This framework will improve the security of all Firefox users
Computer scientists develop a framework to protect browsers from zero-day vulnerabilities in third-party libraries
Dec. 6, 2021--Researchers from the University of California San Diego, the University of Texas at Austin, and Mozilla have designed a new framework, called RLBox, to make the Firefox browser more secure. Mozilla has started deploying RLBox on all Firefox platforms this week.
RLBox increases browser security by separating third-party libraries that are vulnerable to attacks from the rest of the browser to contain potential damage—a practice called sandboxing.
Browsers, like Firefox, rely on third-party libraries to support different functionalities—from XML parsing, to spell checking and font rendering. These libraries are often written in low-level programming languages, like C, and, unfortunately, introducing vulnerabilities in C code is extremely easy. RLBox protects users from inevitable vulnerabilities in these libraries and supply-chain attacks that exploit these libraries.

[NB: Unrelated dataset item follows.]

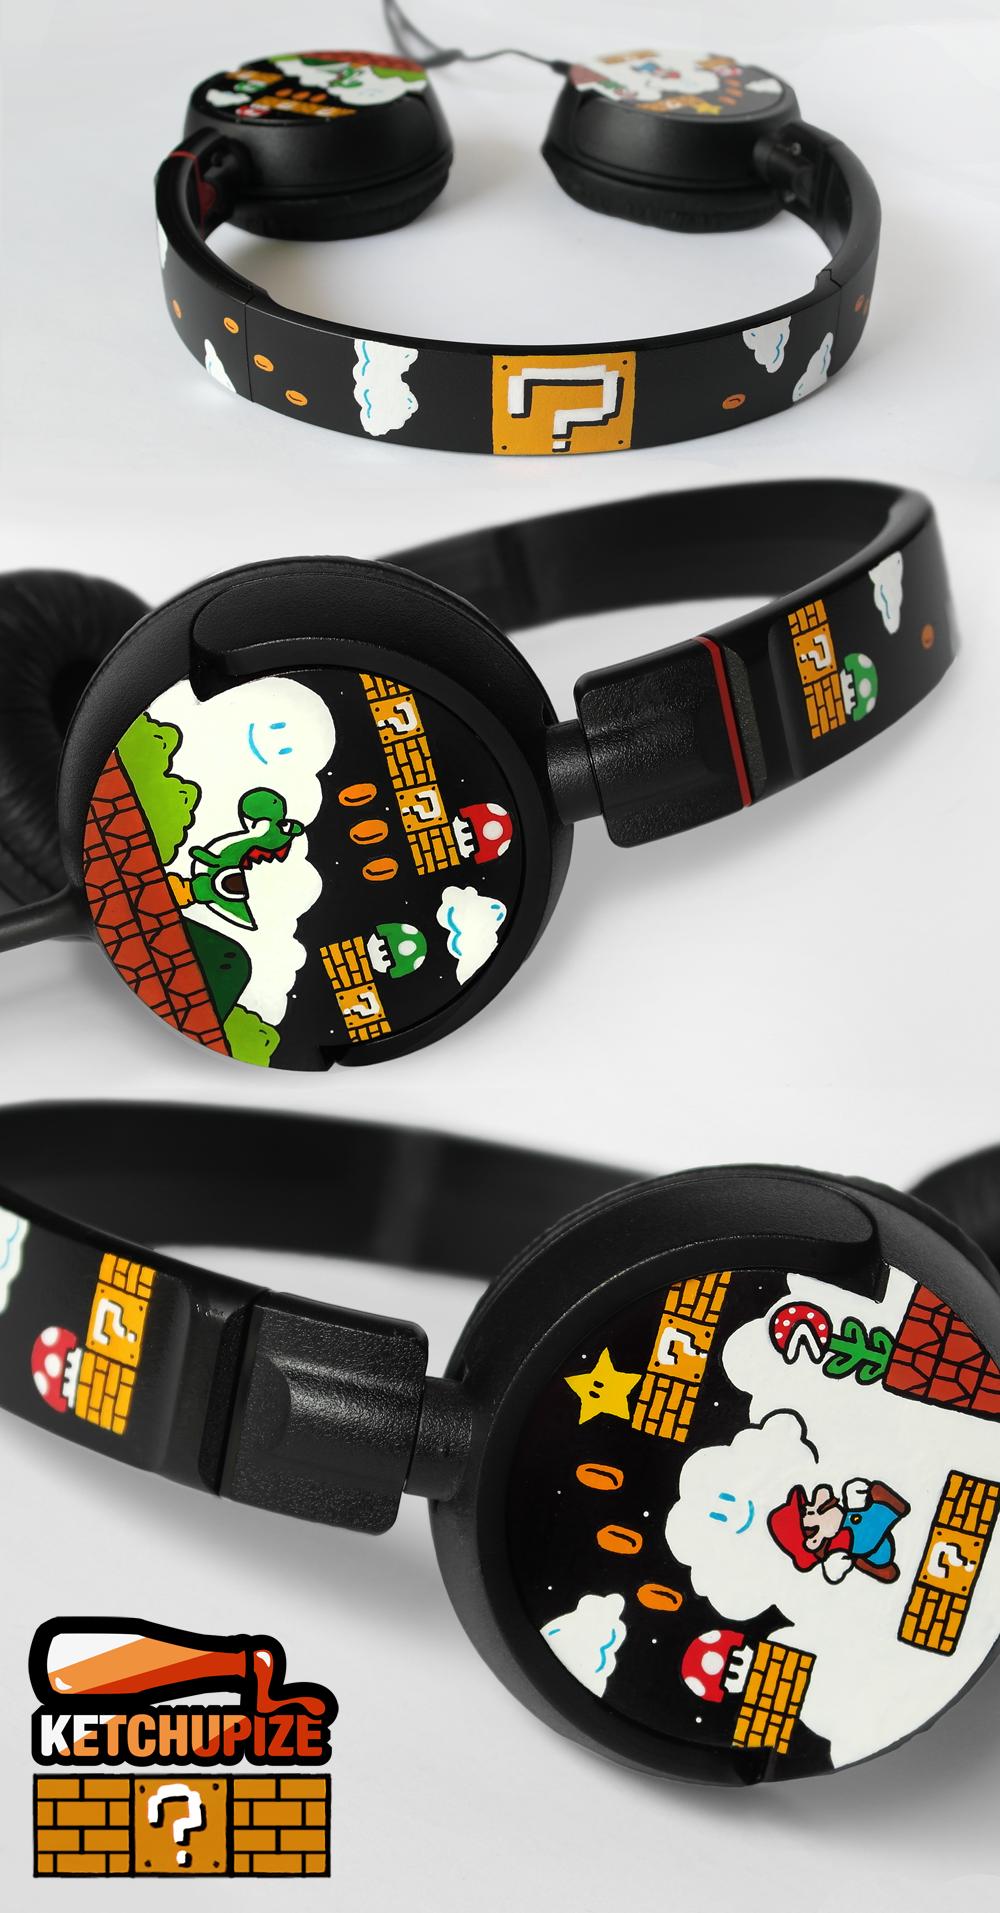 Super Mario headphones by Ketchupize

“Well funded attackers are exploiting zero-day vulnerabilities and supply chains to target real users”, said Deian Stefan, an assistant professor in UC San Diego’s Computer Science and Engineering department. “To deal with such sophisticated attackers we need multiple layers of defense and new techniques to minimize how much code we need to trust (to be secure). We designed RLBox exactly for this.”
The team’s effort to deploy RLBox on all Firefox platforms is detailed in a recent Mozilla Hacks blog post.
With RLBox, developers can retrofit systems like Firefox to put modules, like third-party libraries, in a fine-grained software sandbox. Like process-based sandboxing, which browsers use to isolate one site from another, software sandboxing ensures that bugs in the sandboxed module will not create security vulnerabilities—bugs are contained to the sandbox. “Unlike process-based sandboxing, though, RLBox’s sandboxing technique makes it possible for developers to isolate tightly coupled modules like Graphite and Expat without huge engineering or performance costs,” said Shravan Narayan, the UC San Diego computer science PhD student leading the project.
WebAssembly and sandboxing
At its core, the RLBox framework consists of two components. The first is the sandboxing technique itself: RLBox uses WebAssembly (Wasm). Specifically, RLBox compiles modules to WebAssembly and then compiles Wasm to native code using the fast and portable wasm2c compiler. “By compiling to Wasm before native code, we get sandboxing for free: We can ensure that all memory access and control flow will be instrumented to be confined to the module boundary,” said Narayan.
Wasm also makes it possible for RLBox to optimize calls into and out of sandboxed code into simple function calls. In an upcoming study, to be published in the proceedings of the 2022 ACM SIGPLAN Principles of Programming Languages Symposium, the researchers show that this is safe because Wasm satisfies a set of theoretical conditions called “zero-cost conditions.” This is unlike most other sandboxing techniques, which require glue code at the sandbox-application boundary to be secure. This glue code is error-prone and, in some cases, contributes to large performance overheads—the team’s Wasm compiler elides this glue code, its complexity, and its overhead.
Tainted type system
The second key component of RLBox is its tainted type system. Sophisticated attackers can break out of the Wasm sandbox if the code interfacing with the sandboxed code—the Firefox code—does not carefully validate all the data that comes out of the sandbox. RLBox’s type system, which is implemented using C++ metaprogramming, prevents such attacks by marking all data coming out of the sandbox as “tainted” and ensuring, through compiler errors, that developers sanitize potentially unsafe data before using it. “Without such a type system, it would be extremely difficult to ensure that developers put all the right checks in all the right places,” said Stefan.
“RLBox is a big win for Firefox and our users,” said Bobby Holley, Distinguished Engineer at Mozilla. “It protects our users from accidental defects as well as supply-chain attacks, and it reduces the need for us to scramble when such issues are disclosed upstream.”
The team’s original work on RLBox was published in the proceedings of the USENIX Security Symposium last March. Since then they’ve been working on bringing RLBox to all Firefox users. RLBox will ship on all Firefox platforms, desktop and mobile, sandboxing five different modules: Graphite, Hunspell, Ogg, Expat and Woff2. The team is actively working on sandboxing more modules in future versions of Firefox and supporting use cases beyond Firefox.
This work was supported in part by gifts from Mozilla, Intel, and Google; by the National Science Foundation under grant numbers CCF-1918573 and CAREER CNS-2048262; and, by the CONIX Research Center, one of six centers in JUMP, a Semiconductor Research Corporation (SRC) program sponsored by DARPA.